Как ни защищала Луковна сына и как ни была терпелива, но и она несколько раз всплакнула втихомолку, потому что ей иногда приходилось невтерпеж. Доктор был чистоплотен, как кошка, и одевался по целым часам; бедный Иван по десяти раз подавал ему одну и ту же вещь, уносил ее чистить и снова приносил, пока доктор не оставался ей доволен. Если пуговица была пришита некрепко, на сорочке сидело малейшее пятнышко, где-нибудь давило или жало, — доктор выходил из себя и впадал в состояние полного малодушия. Раз Лапа починила ему военный галстук из черного атласа, который доктор носил под жилетом; доктор с четверть часа примерял этот галстук перед зеркалом, а потом вошел в комнату, где жил Кинтильян и где мы теперь сидели, и без всякого звука, молча подал галстук Лапе, указывая рукой на какую-то черную ниточку, которая торчала из обрубленного края галстука. Я взглянул на доктора и даже испугался: его красивое, умное лицо было в эту минуту просто страшно, и на нем было написано такое внутреннее страдание, точно он приговорен был к смерти. Эта несчастная ниточка испортила доктору целый день, и он ходил из угла в угол все время темнее ночи, нервно покручивая усы и постоянно закладывая и вынимая из карманов свои белые руки.
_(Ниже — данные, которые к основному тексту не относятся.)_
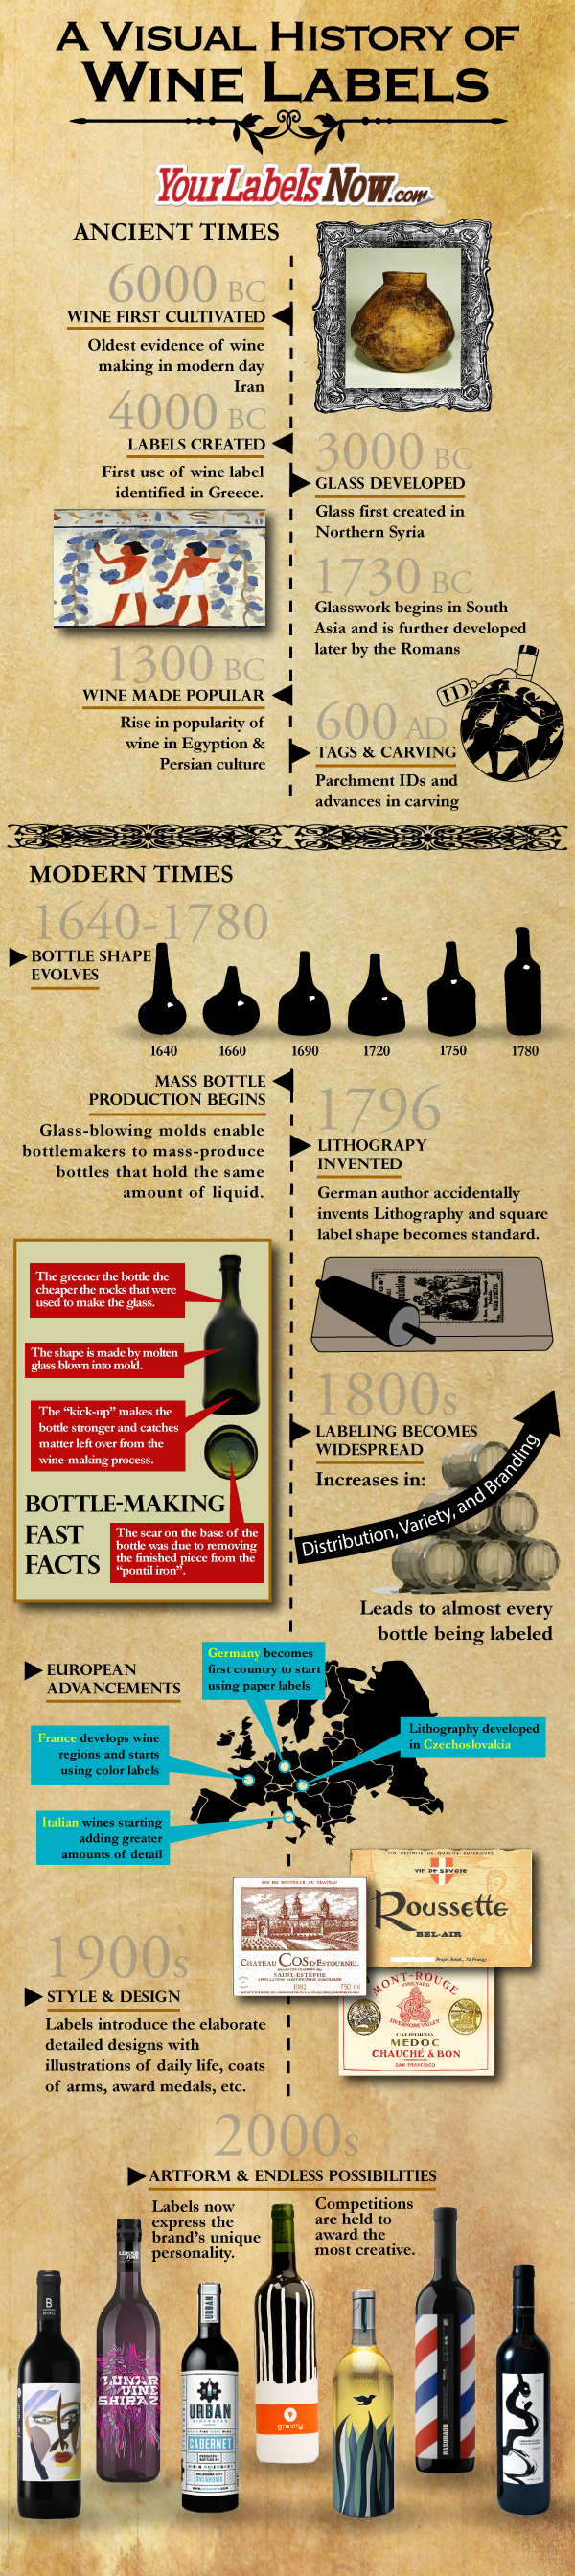 A Visual History of Wine Labels by YourLabelsNow.com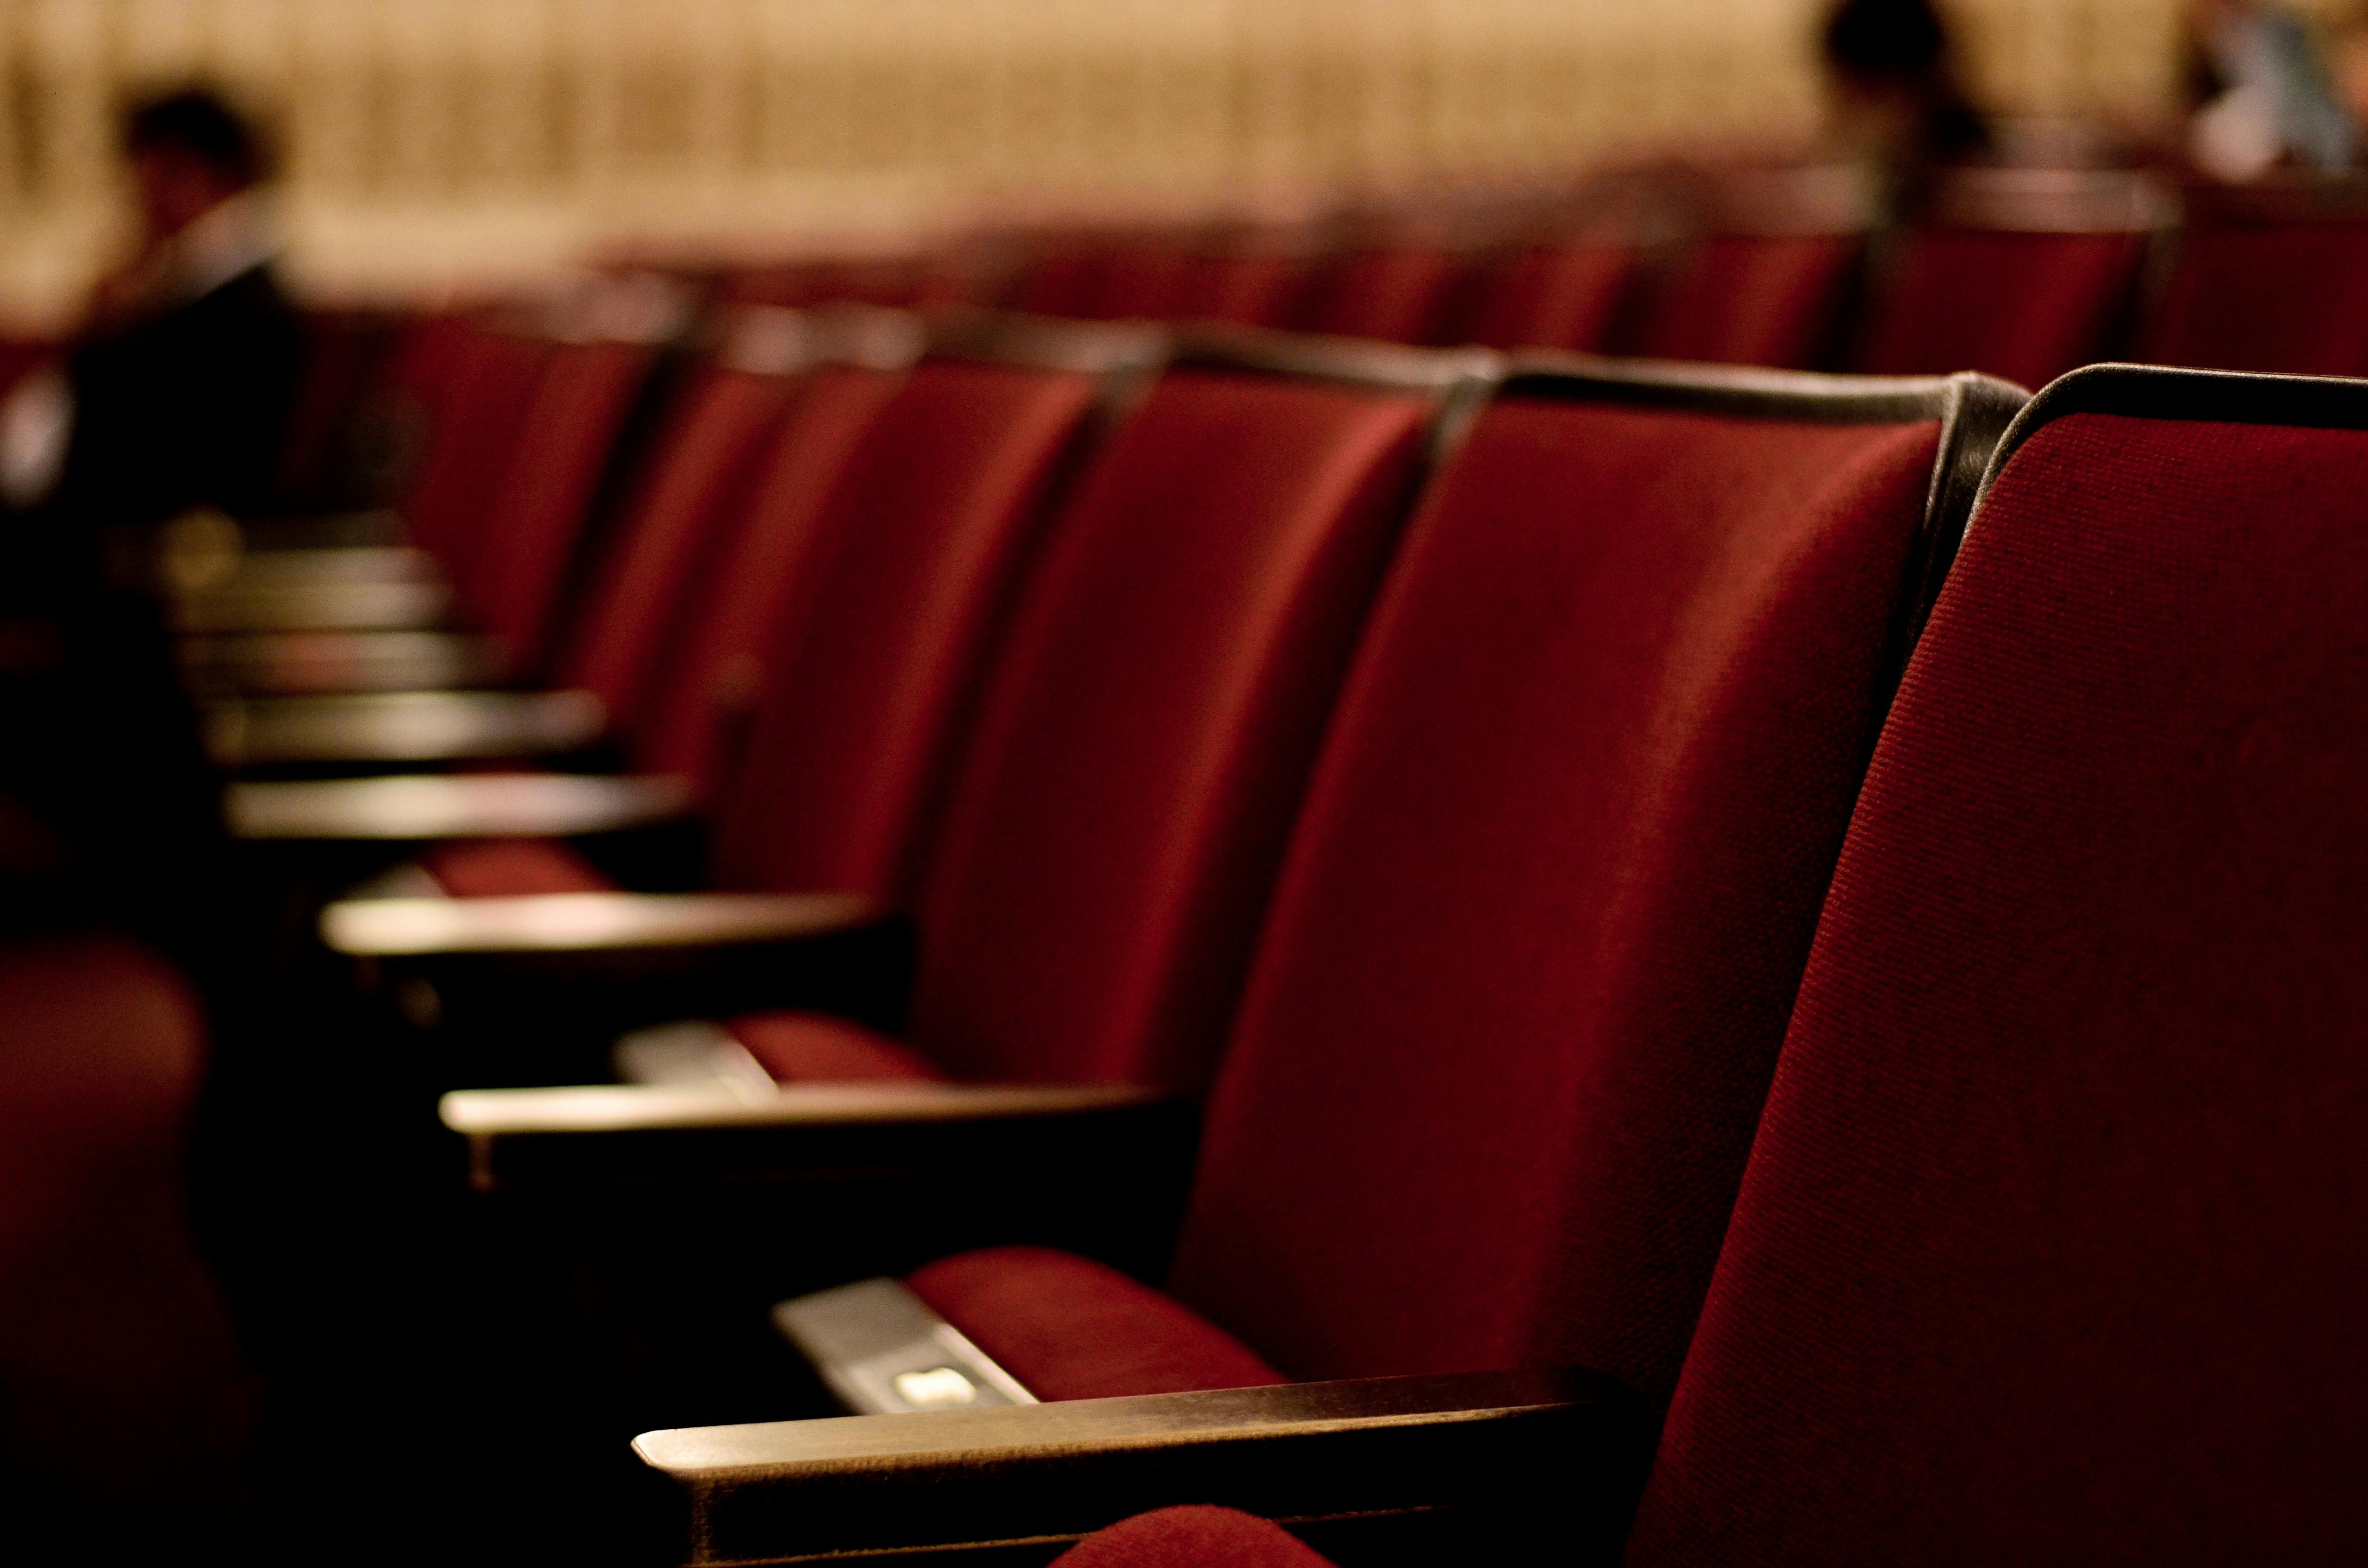 Free stock photo of red, rows of seats, seats

В другой раз на знаменитых бронзовых подсвечниках оказалось небольшое зеленое пятно от капнувшего стеарина, которое Иван не досмотрел и не уничтожил вовремя. Доктор молча указал рукой денщику на это пятно и опять посмотрел кругом таким убийственным мутным взглядом, от которого Иван, заложив руки за спину, даже попятился.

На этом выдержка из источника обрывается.